==== Given information ====

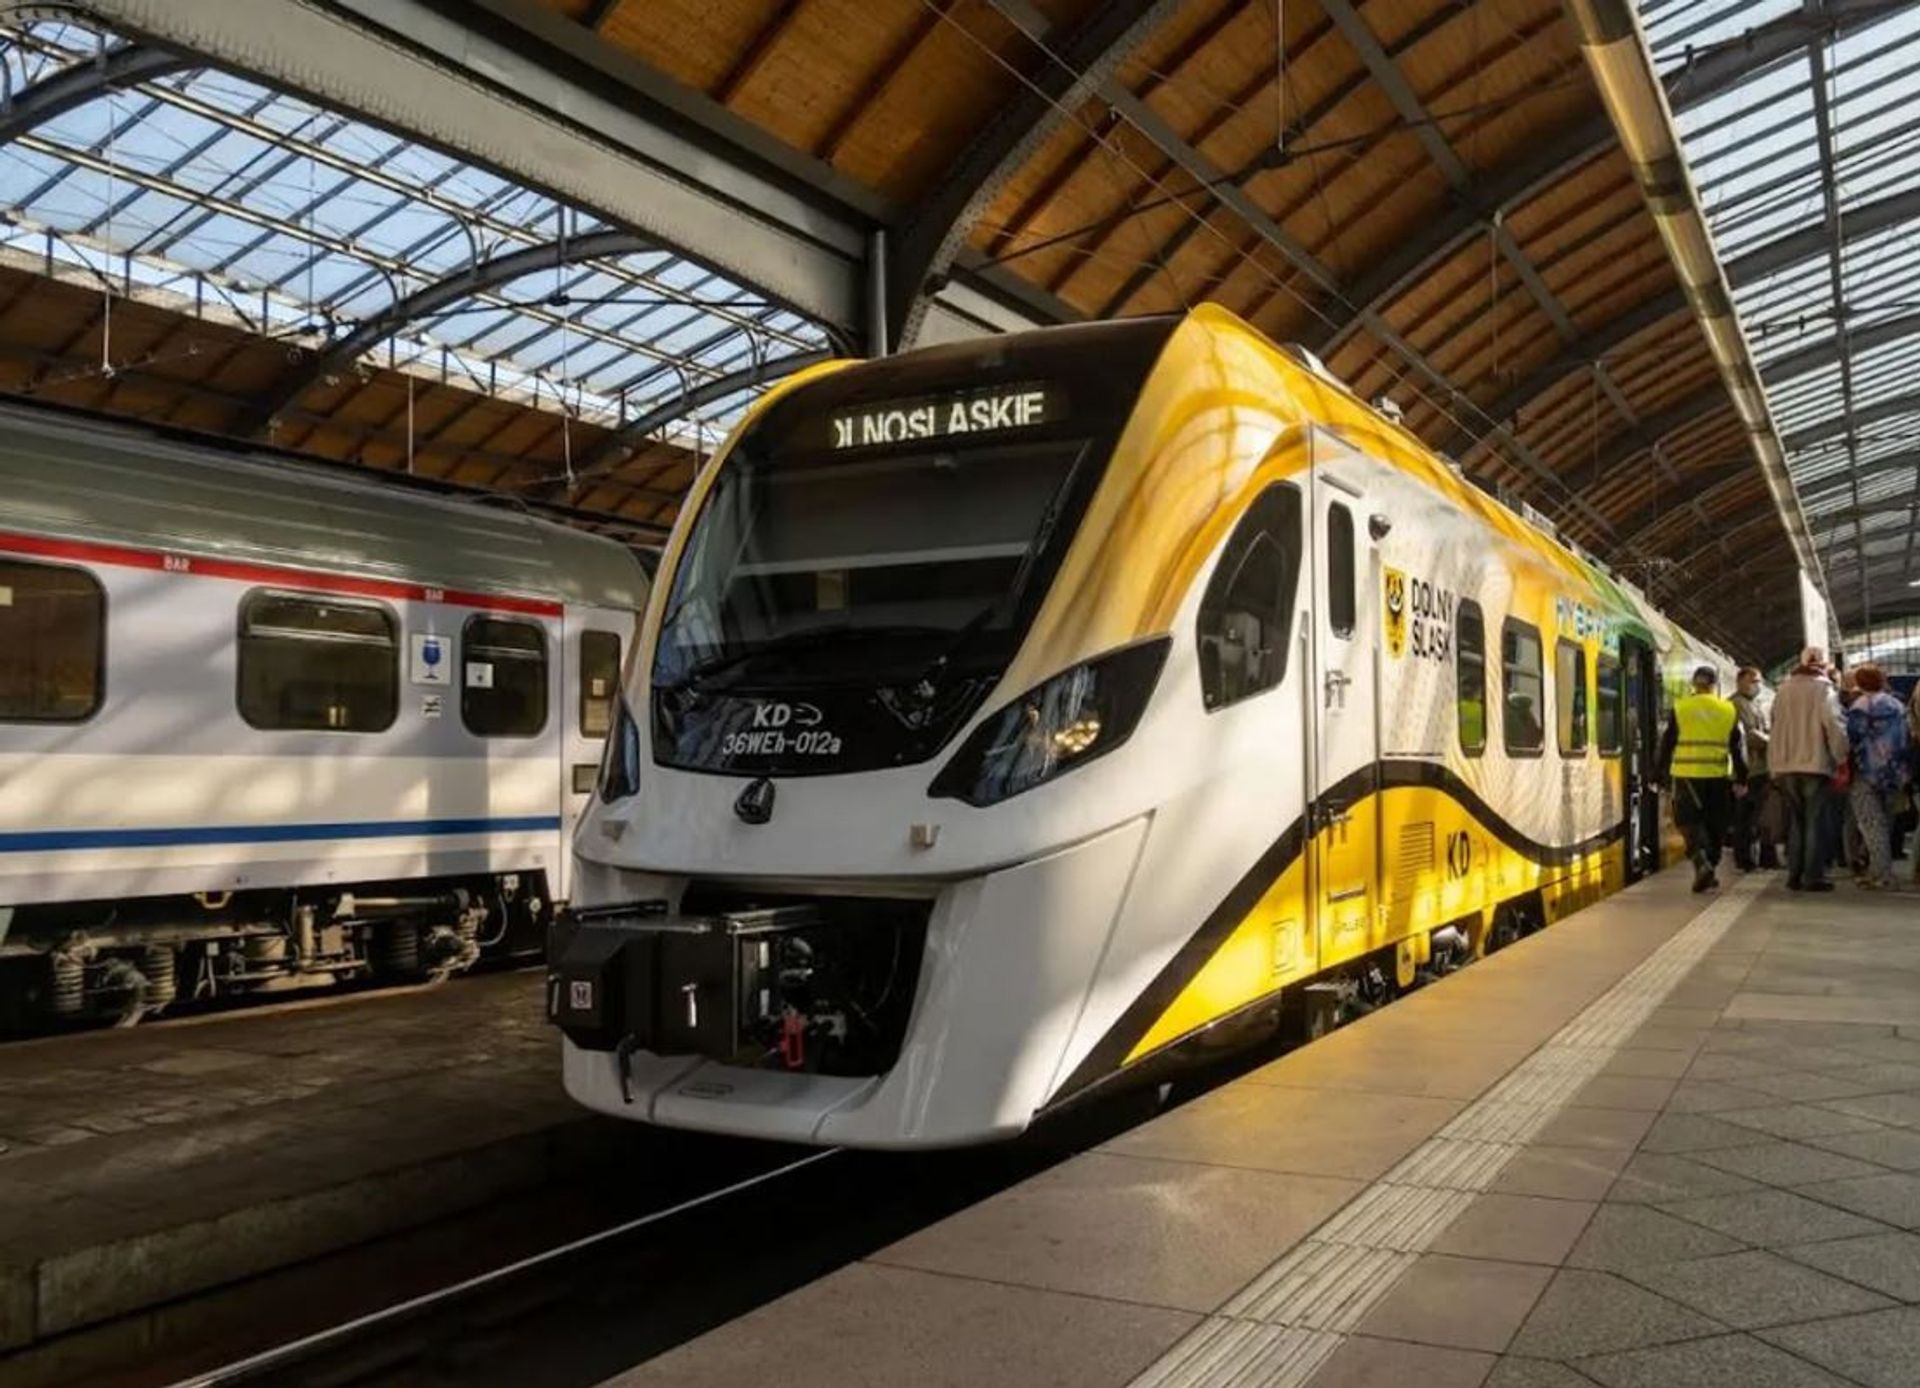 Pociągi Dolnośląskich Kolei Aglomeracyjnych pojawią się na trasie Wrocław - Oborniki Śląskie - Korzeńsko
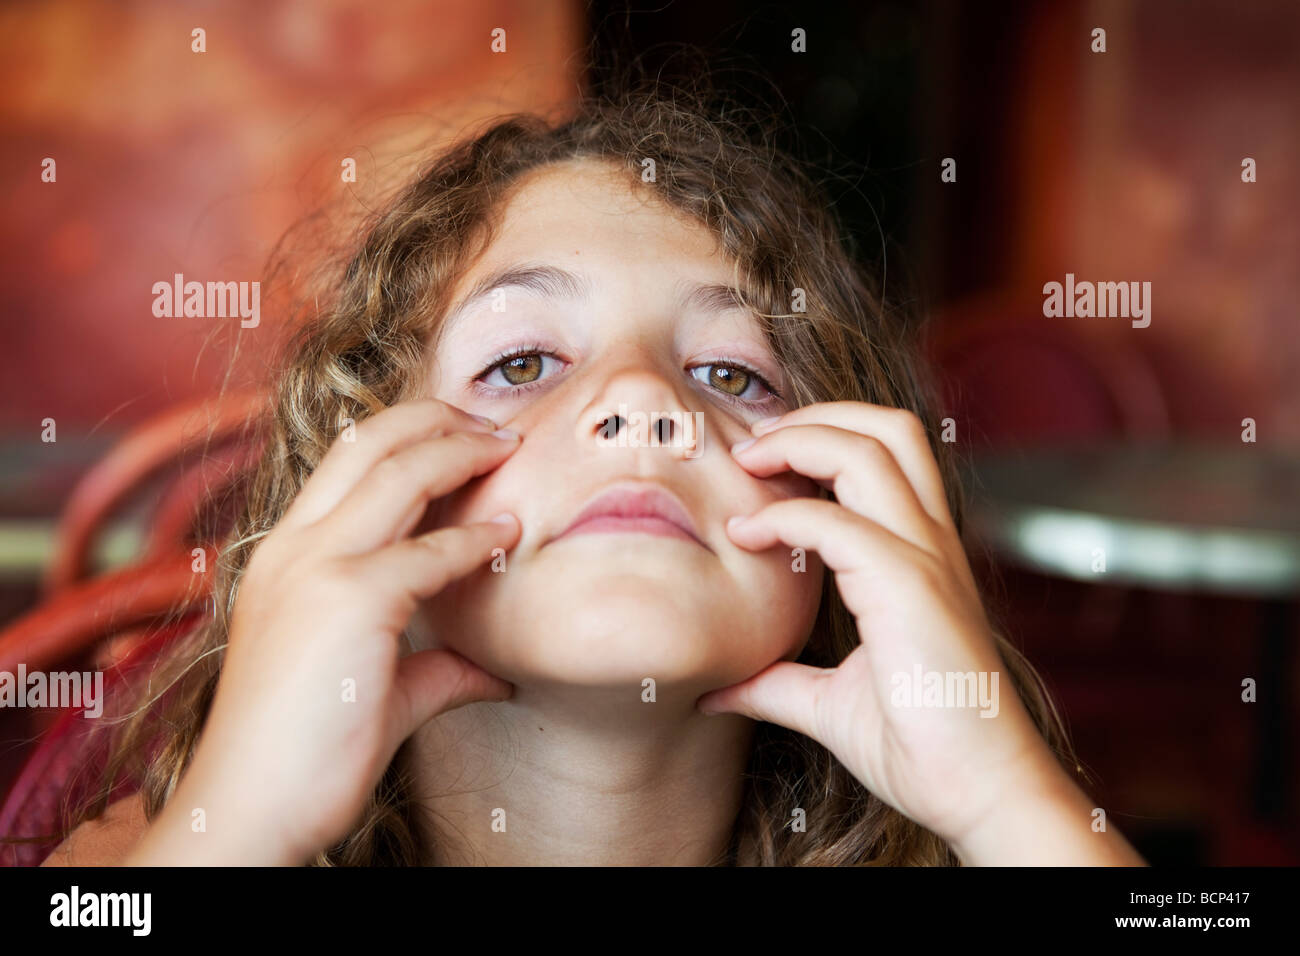 Caras feas fotografías e imágenes de alta resolución - Alamy
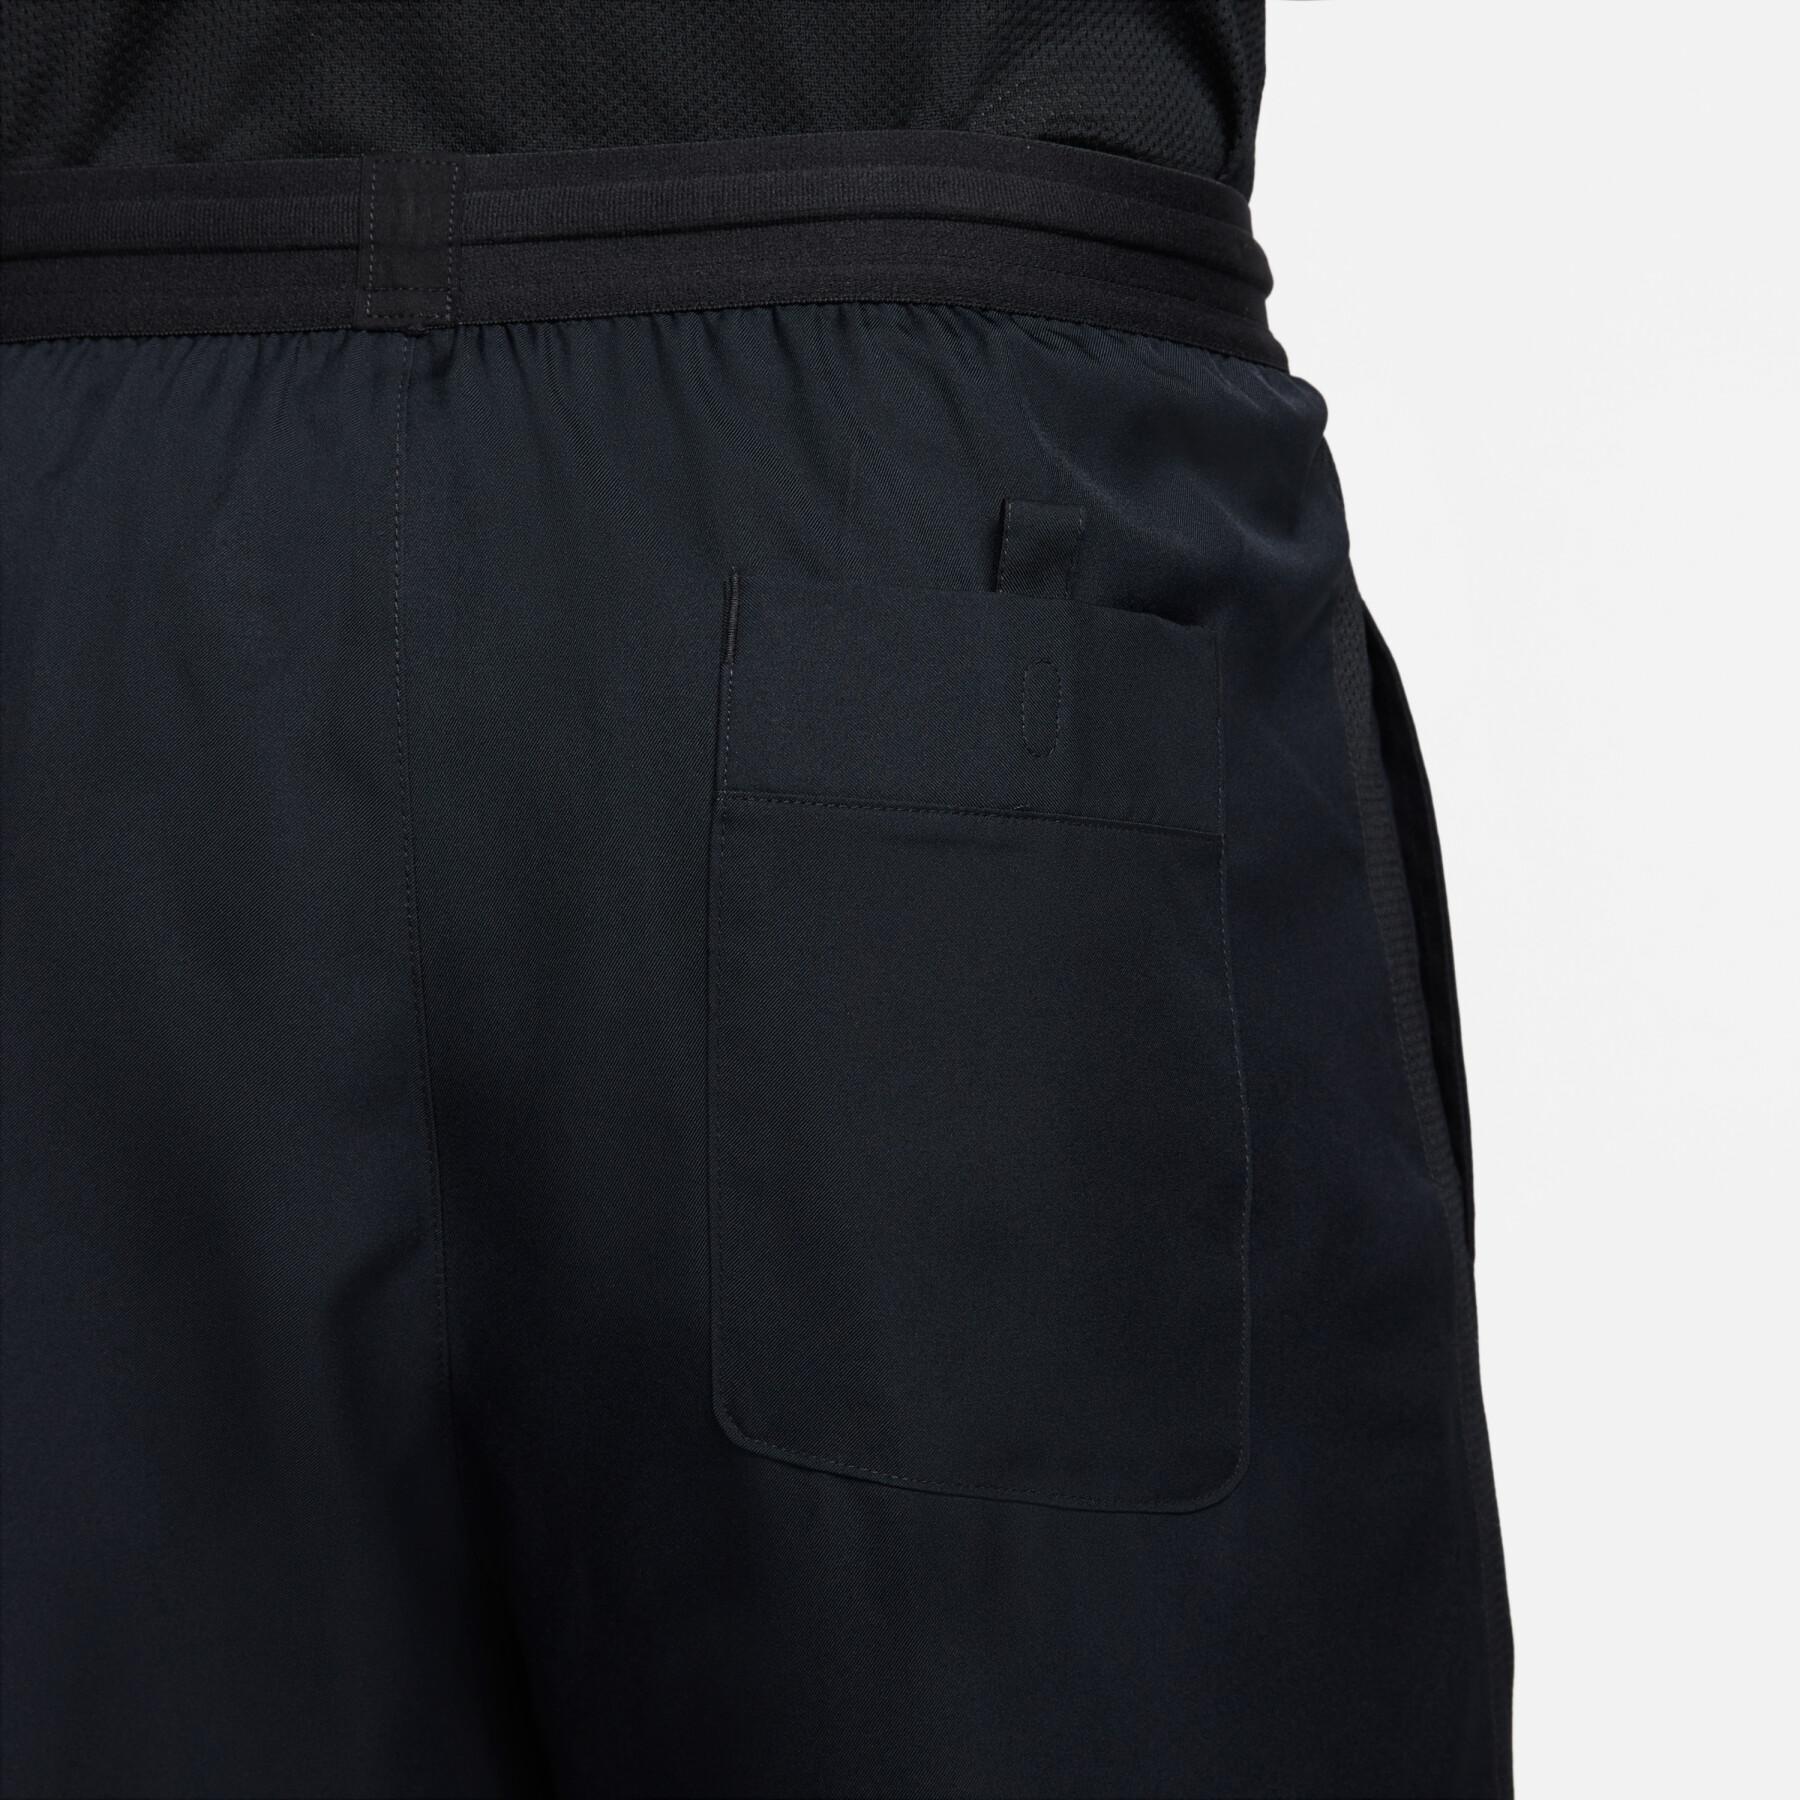 Pantalón corto Nike dry

====

• What you will do
Repeat the material above in full and exactly, omitting the pictures.

• Problem solution
 Pociągi Dolnośląskich Kolei Aglomeracyjnych pojawią się na trasie Wrocław - Oborniki Śląskie - Korzeńsko
 Caras feas fotografías e imágenes de alta resolución - Alamy
 Pantalón corto Nike dry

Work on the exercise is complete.